Vicenta madre, Vicenta bruja, Vicenta negra… es un nombre extraño y muy masculino para un personaje que encarna varios arquetipos de una feminidad marginal (al menos por su poder en la historia), y a pesar de sus ya cincuenta y tantos años esta señora conserva un cuerpo vigoroso y lleno de juventud, un cuerpo que no teme a la desnudez, ni a la huella del tiempo.
Los ritmos de la vida cambian y la historia comienza en uno de esos periodos fundamentales para cualquier individuo, el momento en el que los hijos abandonan el hogar, ese momento en que a pesar de la sangre hay dos miradas incompatibles, pues la juventud anhela horizontes lejanos y rostros extraños mientras la vejez de los padres es aún incapaz de comprender la madurez de sus retoños. Así la soledad sobreviene y con ella un divagar entre ritos, relatos abandonados, rebuscando en ex-maridos y comadres con los cuales poder recomponer o reestructurar el cauce vital que ahora aunque no se quiera ya no puede depender del apego al ser engendrado.

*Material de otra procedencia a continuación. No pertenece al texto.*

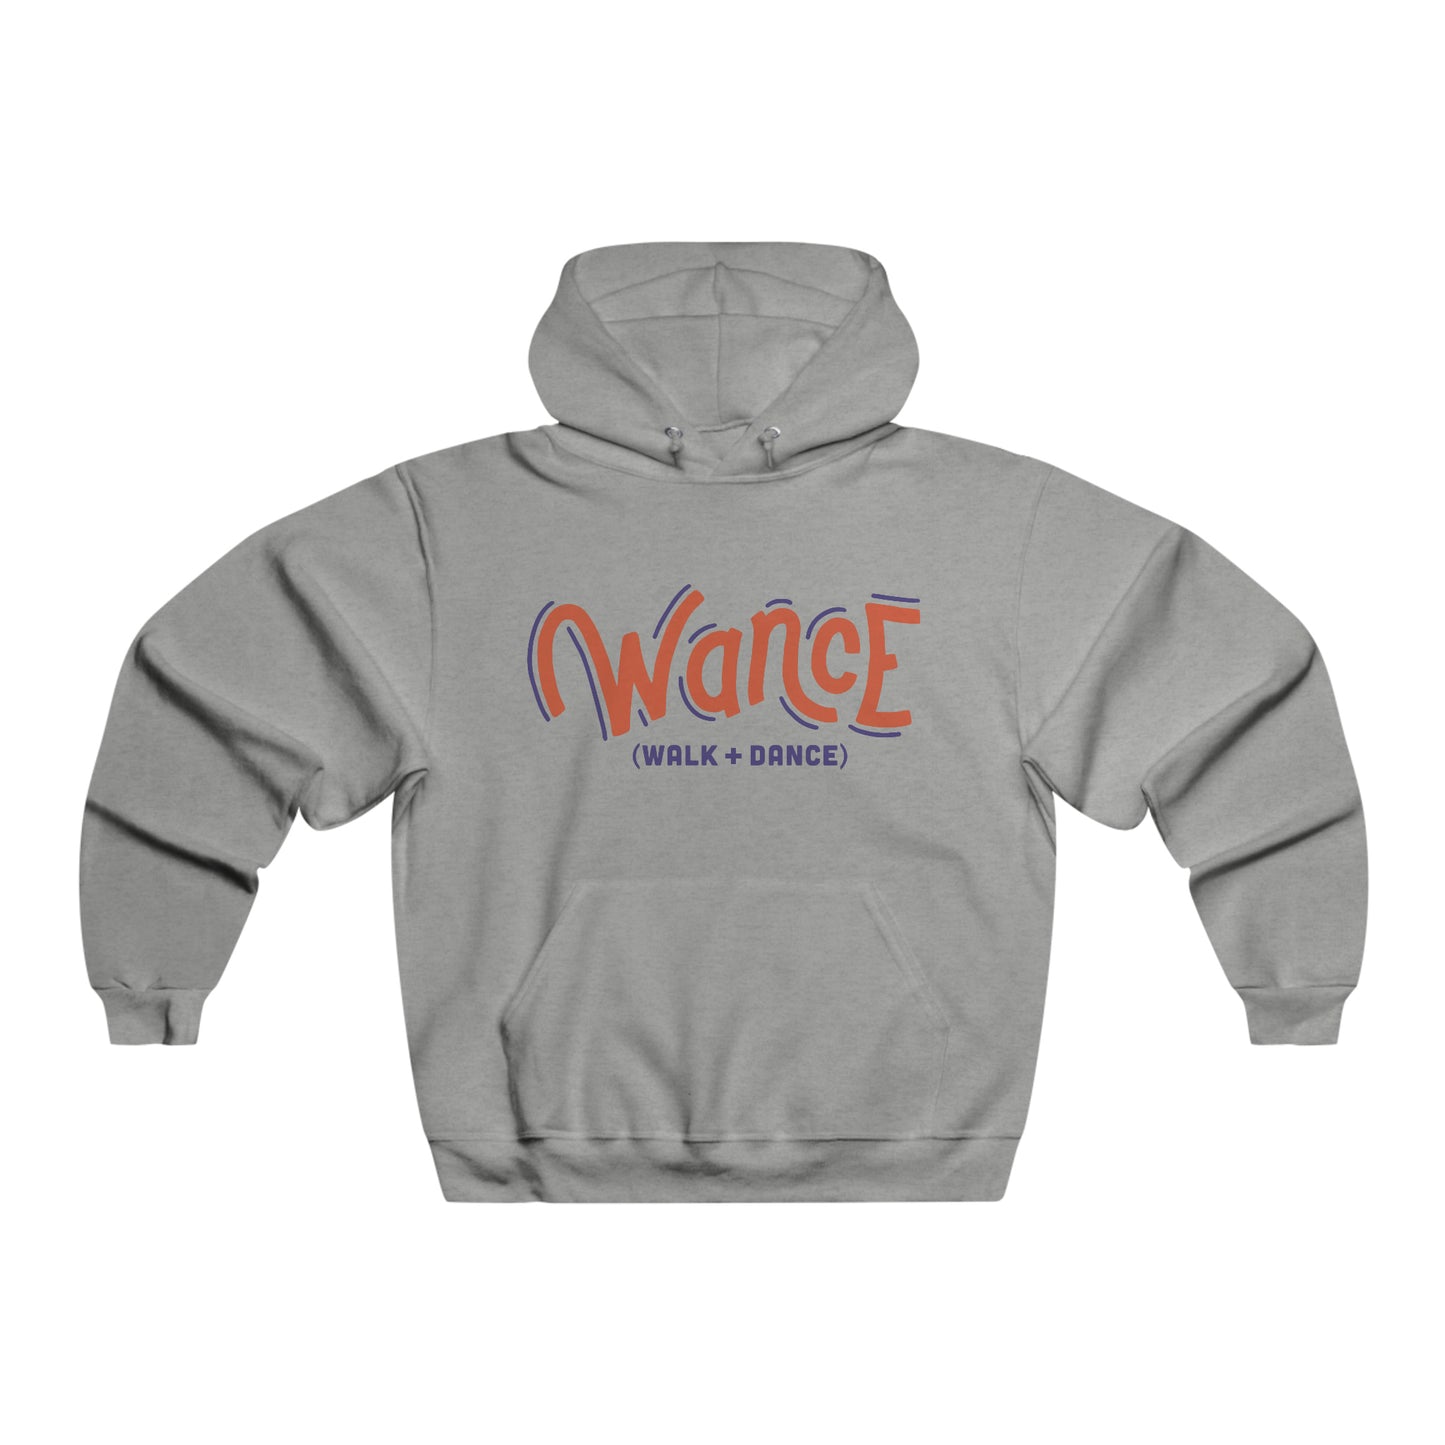 WANCE (walk + dance) Hooded Sweatshirt

Hay belleza en los paisajes de una Cuba envejecida, en la vitalidad de los colores de una pintura que se resquebraja en las paredes y que arropa entre sombras y texturas a la negra piel de Vicenta.
También hay un acercamiento interesante a las tradiciones chamánicas, místicas o de lectura de cartas y demás que la película trata de vincular con el pasado esclavista de la comunidad afro, entendiendo esta filosofía o forma de ver el mundo como un legado a defender con un carácter anti-colonial. En este sentido la película no cuestiona tales creencias, más bien todo lo contrario ya que los presagios se cumplen a cabalidad y los personajes tienen de verdad el poder de entrar en contacto con el futuro y pasado de los demás.

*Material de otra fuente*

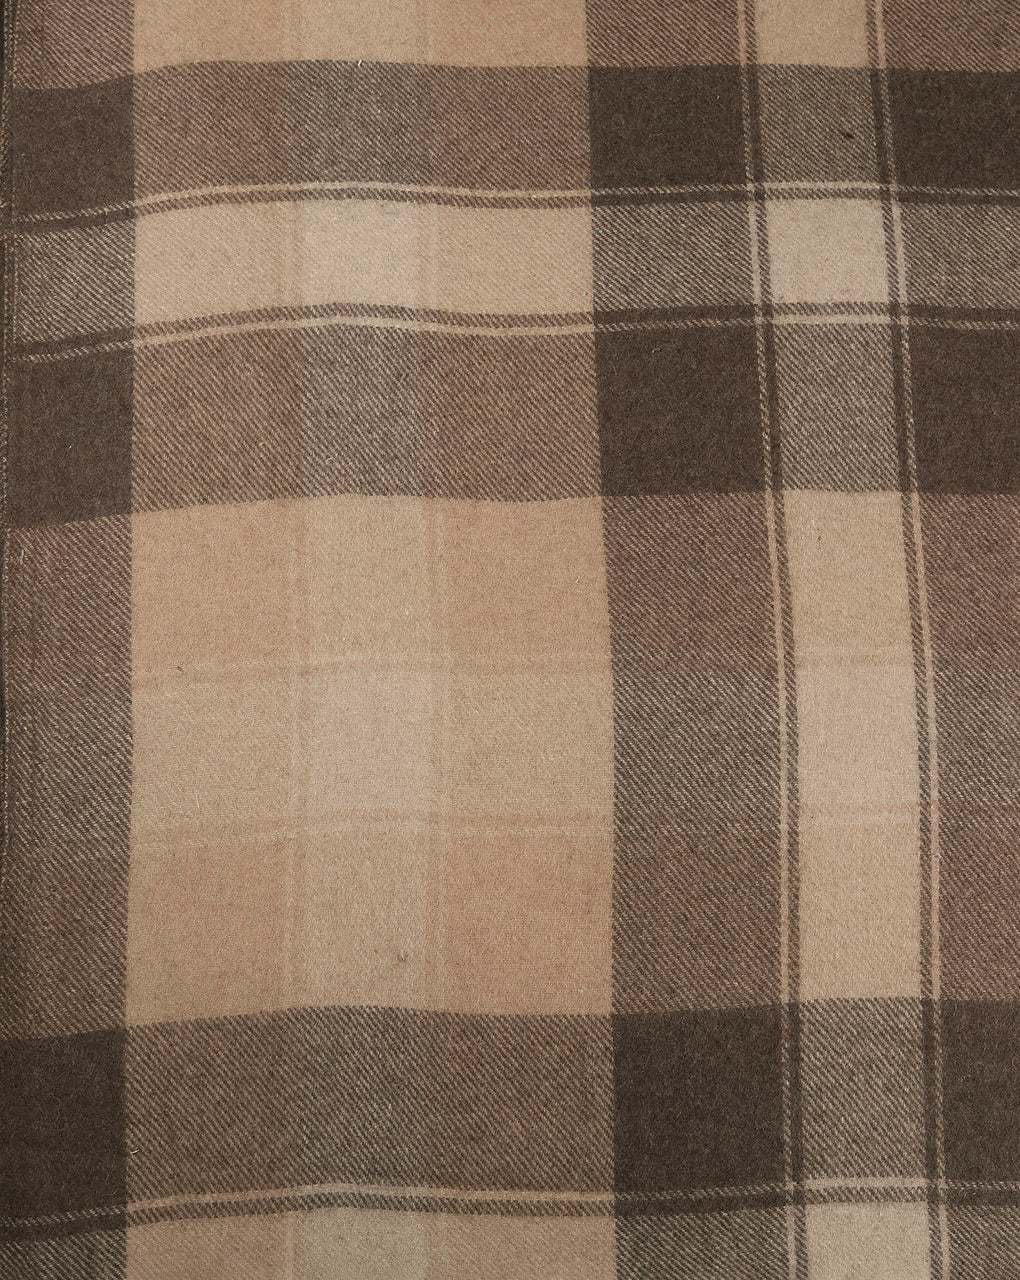 Tartan Checks Woolen Tweed Fabric - Fabriclore.com

El problema recae en una falta de concreción entre temas, y en especial en el desarrollo de subtramas que por momentos parecieran convertirse en la principal pero que no conectan de manera lógica o al menos con la suficiente fluidez, pues a la partida del hijo sobreviene la irrupción de una joven que presiente un destino funesto sobre sí; esta chica que viene a pedir lectura de cartas abre un nuevo capítulo en la vida de Vicenta, capitulo que no tiene una finalidad más allá de alargar la trama y hacer tiempo mientras Vicenta desarrolla los sentimientos de pérdida por su hijo, tanto así que la tragedia, el desagrado o demás agregados que llegan con su presencia se sienten ordinarios e irrelevantes. Algo propiciado por la falta de conexión y desarrollo, pues es evidente que la cinta se esfuerza por esconder misterios detrás de estos nuevos personajes pero es incapaz de llevarlos a sitio alguno. Además, el guión te sorprende de manera negativa introduciendo en el último tramo reflexiones forzadas sobre la brujería que parecieran desviar la lógica del problema inicial (la partida del hijo) por alguna especie de falta de fe nunca antes señalada por parte de Vicenta, y si a eso sumamos un final confuso, críptico y que recuerda al Un tipo serio (A Serious Man, 2009) de los hermanos Coen dejando al espectador sin saber qué sentir o entender exactamente de todo el recorrido.
Lástima, pues entre lo negativo también hay detalles interesantes, en especial en el trabajo de arte y fotografía, pues la construcción de escenografías es la idónea para habitar la realidad de una cuba llena de tradiciones africanas, además de esa valiosa representación de ritos chamánicos con cantos e individuos que por su corporalidad se captan como verosímiles en medio de estos saberes.